For these reasons, the same tests performed on electromechanical controllers–such as finding the pick up with a 3 to 5 percent accuracy test system or checking the output contacts with a buzzer–do little to ensure proper operation of a digital controller or to find potential problems. New approaches to test digital controllers must be established.

The 2003 blackout in North America and previous blackouts have resulted in the North American Electric Reliability Corp.’s (NERC’s) changing the operating rules for the reliability councils of North America. They are auditing all utilities that fall within the guidelines of being able to impact the reliability of the bulk power grid. If the transmission utilities depend on the distribution utilities for load shedding, then they might have to show how these distribution utilities practices meet these guidelines.

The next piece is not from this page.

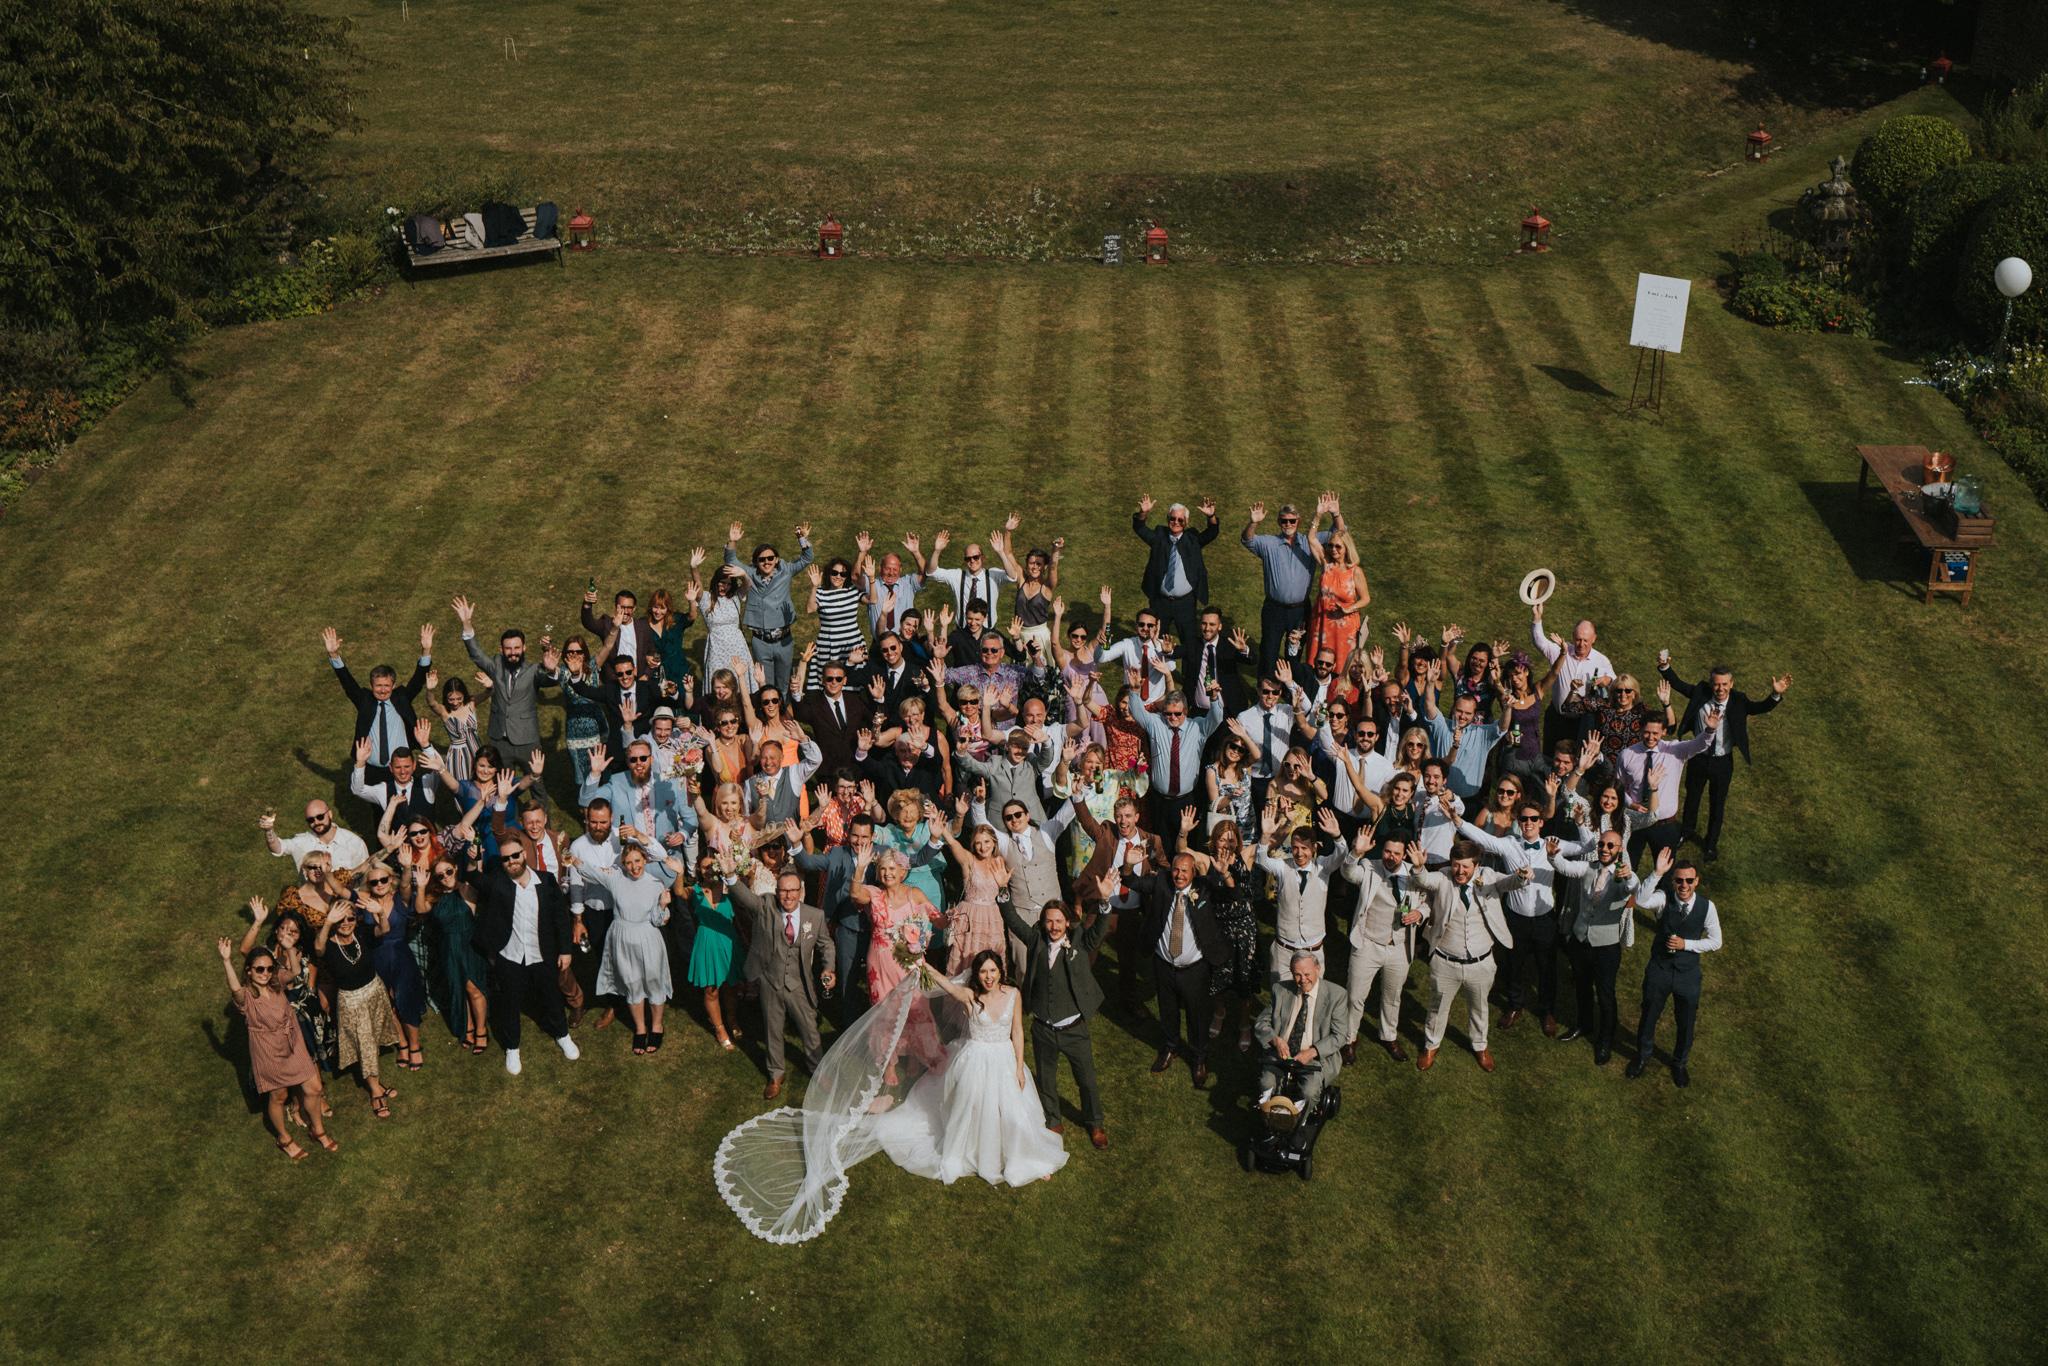 emi-Jack-boho-diy-wedding-eggington-house-grace-elizabeth-colchester-essex-alternative-wedding-photographer-suffolk-norfolk-devon (31 of 56).jpg

NERC auditors require the utility to show detailed documentation to prove maintenance practices are being followed and being kept on schedule. The substance of their practices also is evaluated. New utility system testing programs require shorter times between scheduled testing cycles. This requires increasing complexity of testing; higher accuracy test equipment than has been used before; and the challenge to perform all of this with a growing lack of experienced people.

Some of the needed functions of a new test system include:

  • To simulate all signals and contacts that the device being tested would see when in service and monitor all critical signals given by the device being tested;
  • To set up programs that automatically will provide real-world system conditions and sequences for all test specifications;
  • To reproduce identical test conditions and compare results year after year on each device tested;
  • To create accuracies better than 0.1 percent for voltages and currents;
  • To create variable frequency with accuracies better than 0.001 hertz;
  • To operate several test systems in asynchronized mode to perform ADR system testing and troubleshooting (for many schemes at least four test sets are required);
  • To easily update the tests with the actual recloser or sectionalizer settings being used;
  • To perform tests in the field when supplied from a portable generator–or from the inverter in the vehicle–without loss of capability or accuracy; and,
  • To use high-impedance inputs to detect a damaged or leaking MOV before it causes a misoperation.

All details must be known about how the device is intended to operate for each set of system problems for which the power system is being protected or restored. The test must confirm the device operates when there is a problem and must confirm the device does not misoperate when there is no problem or only part of the system conditions exist.

There are a few final points to consider when looking at reclosers and sectionalizers in smart grid operations:

  • Communication system times and delays frequently cause ADR systems to fail.
  • Logic program errors are the next most common cause of system failures (the standard logic for the device and the communications logic errors).
  • Testing all related parts of the system together is the only way to ensure the whole system works as expected.
  • Lab testing accounts for the actual communications system being used in the field. Many problems are found in the field related to geography, structures and other forms of interference.

David Marble, a professional engineer, is an applications engineer at OMICRON electronics Corp. USA. He attended Vermont Technical College and the University of Vermont and has worked 26 years in utility engineering and management positions. Marble has designed numerous specialized testing interfaces for reclosers and sectionalizers at OMICRON.